Tags
Albion Rovers, Bo'ness, Cliftonhill, Football, groundhop, groundhopping, GroundhopUK, Jock Stein, Non League, Scotland, soccer, Sport
Saturday 15th March 2025 ko 10:45
Lowland League
ALBION ROVERS 0
BO’NESS UNITED 0
Att 379
Entry £11
Programme £2
Sometimes I do worry that people forget one of the points of the organized groundhop. Yes, part of it is to allow groundhoppers to tick off multiple grounds over a weekend, but it’s just as much there to act as a fundraiser for the host clubs, and perhaps never before has that side of these events been so important as here.
Our day was ending in Coatbridge a town that grew out of the steel making industry, and here’s something I didn’t know, when that industry declined, many of the steel workers headed south and found work in Corby. Much is made of the Northamptonshire’s towns Scottish flavour, when you could be more precise and say the flavour is in fact from Coatbridge.
As an outsider to the Scottish game, nevertheless I do get the impression that relegation from the SPFL has been a good thing on balance. I’d seen The Wee Rovers in happier times, in a play-off game in 2012 but unquestionably relegation to the Lowland League for this season has badly hurt Albion Rovers. So much so the emphasis is on keeping the club alive, and an acceptance that next season the players will be on expenses only.

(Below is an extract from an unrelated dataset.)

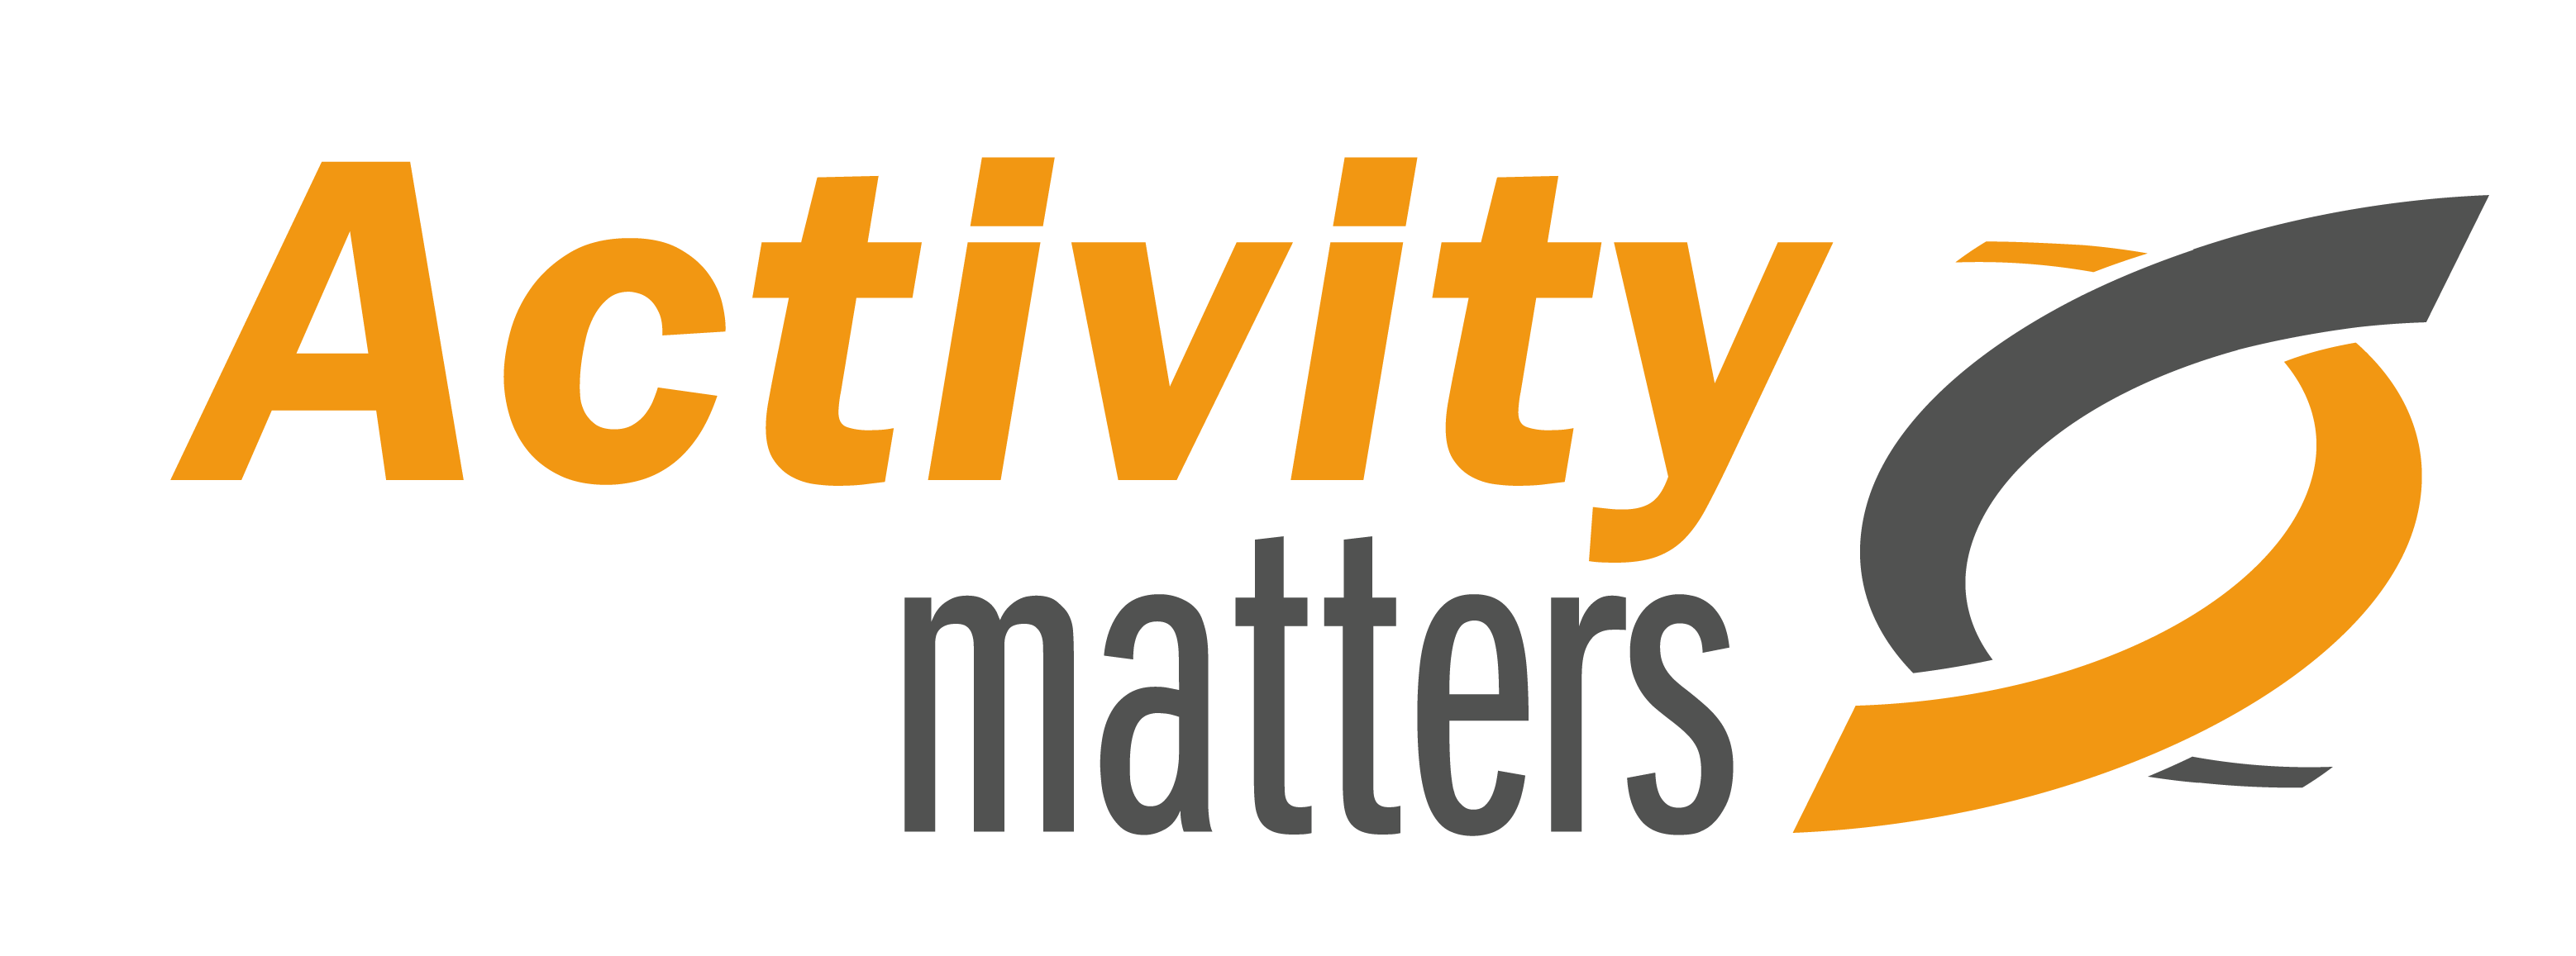 Activity-Matters

Meanwhile having GroundhopUK come to town, at least added up to a bumper crowd, and they hosted extremely well. We were privileged and humbled in equal measure to be invited into the boardroom at half time, to learn all about how this was the club that had Jock Stein play for them 236 times before being the first manager from the British Isles to win a major European cup, Celtic winning the European Cup in Lisbon in 1967. I must admit Robyn and I completely forgot that we’d actually been to the site of Stein’s triumph, Estádio Nacional!
There was a quiet dignity about the folks in that boardroom, and I regretted that I only had 15-or-so minutes in their company. I opted to spend the second half on the little terrace behind the goal that didn’t exist 13 years previously. I watched one of the better nil-nil draws I’ve seen, and gazed upon the old-school loveliness that is Cliftonhill.
I hope us being there helped them, and that both the club and ground can survive. As one of my photos says, “The fans are the club” and they deserve nothing less.